The Middle Jurassic has always been a mystery. Specimens like Dearc and Ceoptera suggest that the Jurassic was much richer in pterosaurs than previously known. These Scottish fossils are proving that pterosaurs were far more diverse during this period than the sparse fossil record suggested. We’re finally getting a clearer picture of how advanced pterosaurs evolved.
Mongolia’s Desert Yields Dual Azhdarchid Species

Palaeontologists have described two new species of azhdarchid pterosaurs from Mongolia’s Gobi Desert, with researchers identifying azhdarchid pterosaur fossils consisting of bones from the neck. These discoveries are particularly significant because pterosaur remains are exceptionally rare in Mongolian deposits.
The coexistence of Gobiazhdarcho and Tsogtopteryx in the same geological formation emphasises that azhdarchids occupied diverse ecological niches, with different body sizes suggesting varied foraging behaviours and diets. One species had a wingspan around three meters, while the other was much smaller.

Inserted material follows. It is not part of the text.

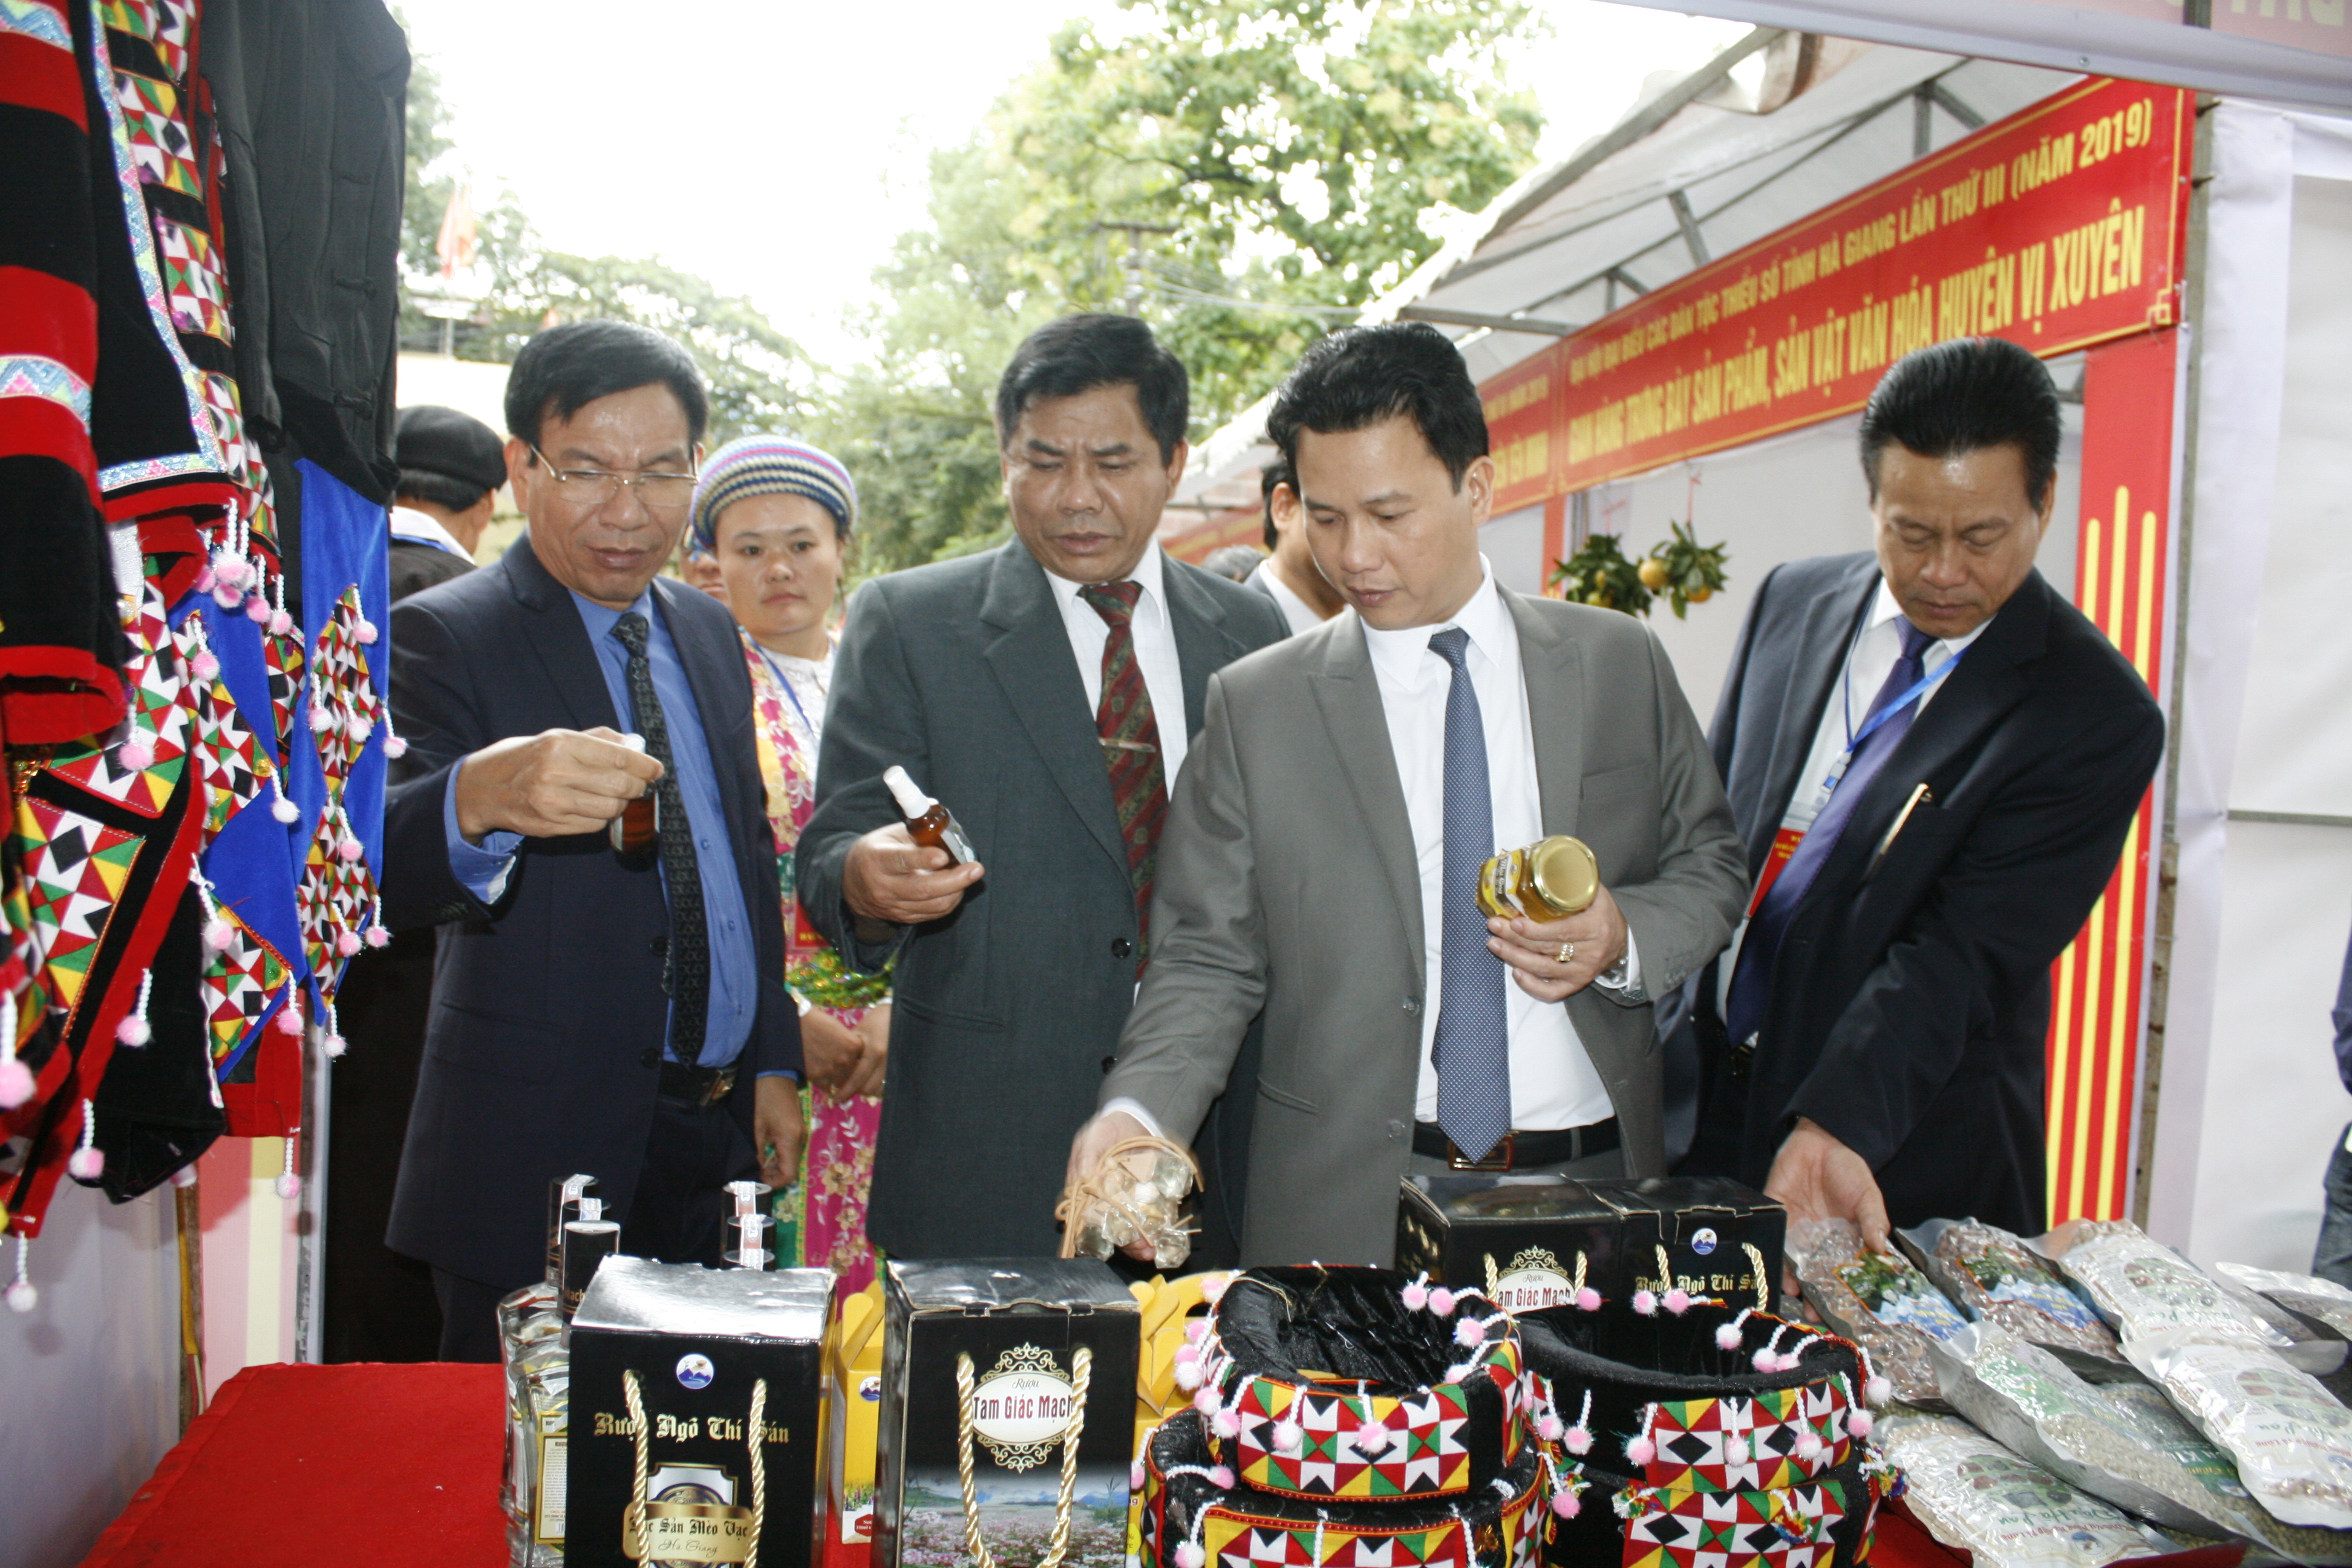 Thứ trưởng, Phó Chủ nhiệm UBDT Y Thông (thứ 2 từ trái sang) cùng các đại biểu thăm quan các gian hàng trưng bày.

They were sharing the same airspace but hunting completely different prey.
Footprints Reveal Ground-Dwelling Giants

Fossilized footprints reveal a 160-million-year-old invasion as pterosaurs came down from the trees and onto the ground. This research is revolutionary because it links specific track types to the pterosaur groups that made them.

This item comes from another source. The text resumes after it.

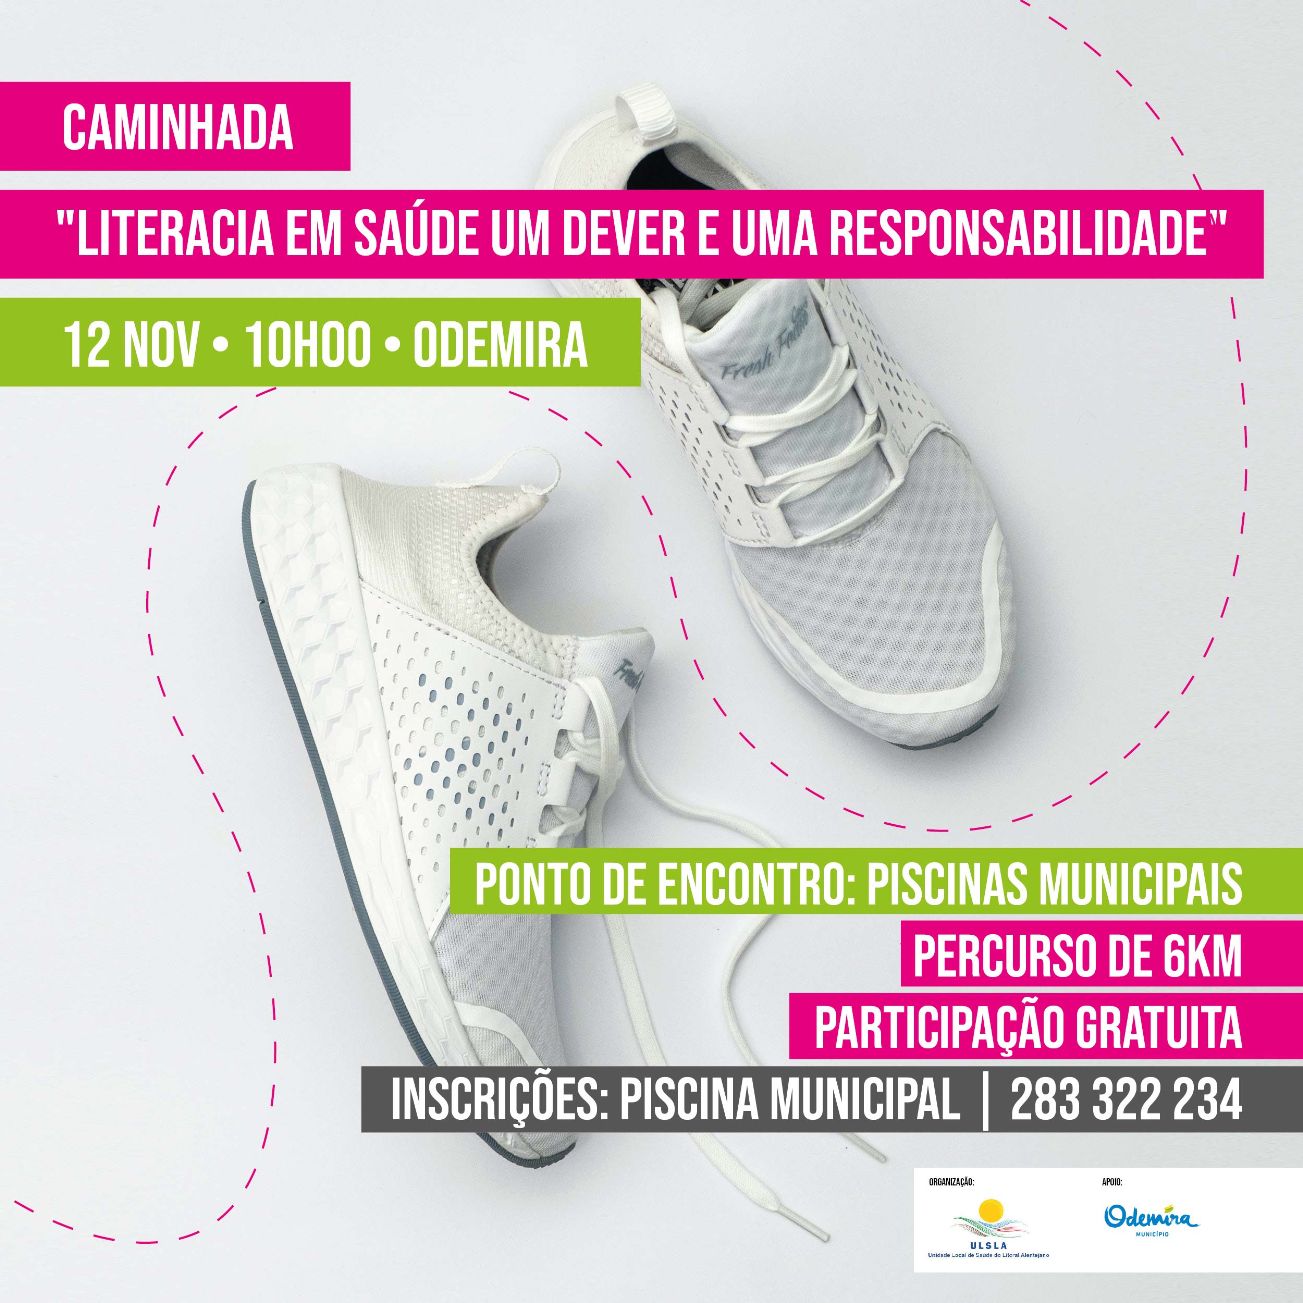 Caminhada "Literacia em saúde um dever e uma responsabilidade" irá realizar-se no dia 12 de Novembro em Odemira

A group of pterosaurs called neoazhdarchians includes Quetzalcoatlus, with a 10 m wingspan, and their footprints have been found in coastal and inland areas around the world, supporting the idea that these long-legged creatures not only dominated the skies but were also frequent ground dwellers. They weren’t just aerial specialists. Some were walking around like modern herons or storks, stalking prey on the ground.
Baby Pterosaurs Died in Ancient Storms

The cause of death for two baby pterosaurs has been revealed in a post-mortem 150 million years in the making, showing how these flying reptiles were struck down by powerful storms that also created the ideal conditions to preserve them. These tiny fossils from Germany’s Solnhofen Limestones tell a tragic but scientifically valuable story.

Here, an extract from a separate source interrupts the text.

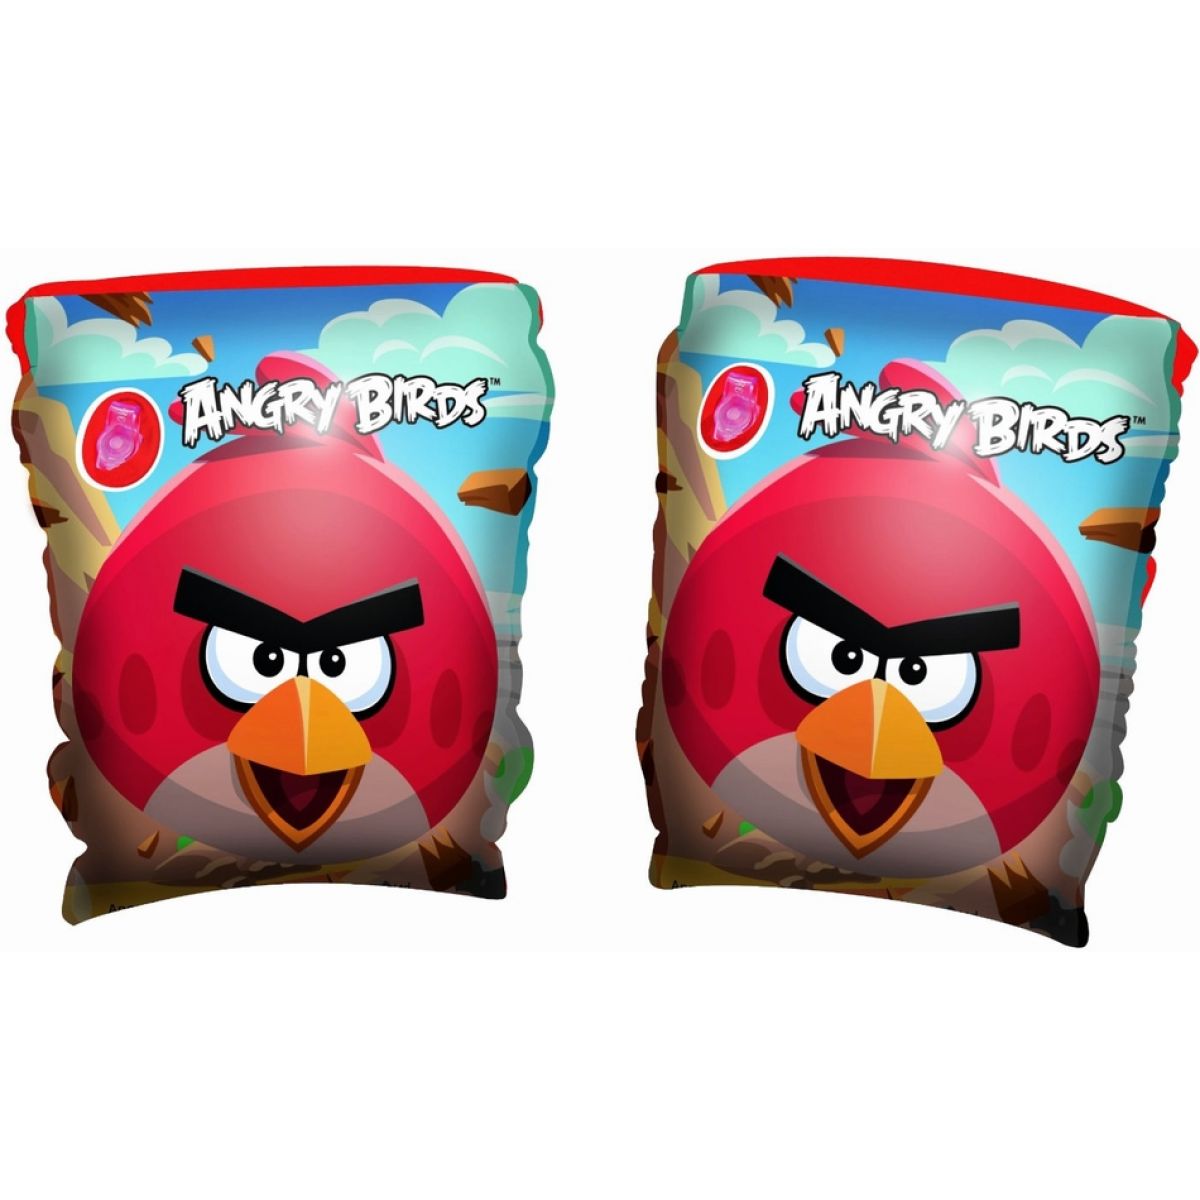 Bestway 96100EU - Nafukovací rukávky - Angry Birds, 23x15 cm

Nicknamed Lucky and Lucky II, the two individuals belong to Pterodactylus with wingspans of less than 20 cm, and both show the same unusual injury: a clean, slanted fracture to the humerus. The storms that killed these vulnerable hatchlings also created perfect preservation conditions, explaining why most Solnhofen pterosaurs are juveniles while adults are rare.
Morocco’s Phosphate Mines Challenge Extinction Theories

Two Moroccan phosphate mines have yielded dozens of specimens from at least seven different pterosaur species in three different families, suggesting that pterosaurs remained competitive with birds at medium and large body sizes until the mass extinction. This completely contradicts the old idea that pterosaurs were declining before the asteroid impact.
Pterosaurs were actually increasing their functional diversity as the Mesozoic came to a close. Rather than being outcompeted by birds, they were thriving right up until the end. Pterosaurs remained dominant in all ecological niches for wingspans of 2 meters or more. The apparent decline we thought we saw was just a trick of the incomplete fossil record.
These discoveries are rewriting pterosaur history one fossil at a time. Every new specimen reveals adaptations we never predicted, from herbivory to specialized filter feeding to diverse brain evolution. The more we dig, the more we realize how little we actually knew about these magnificent creatures. What other surprises are still buried in the rocks, waiting to challenge everything we think we understand about life in the age of dinosaurs? The next groundbreaking discovery could be just one excavation away.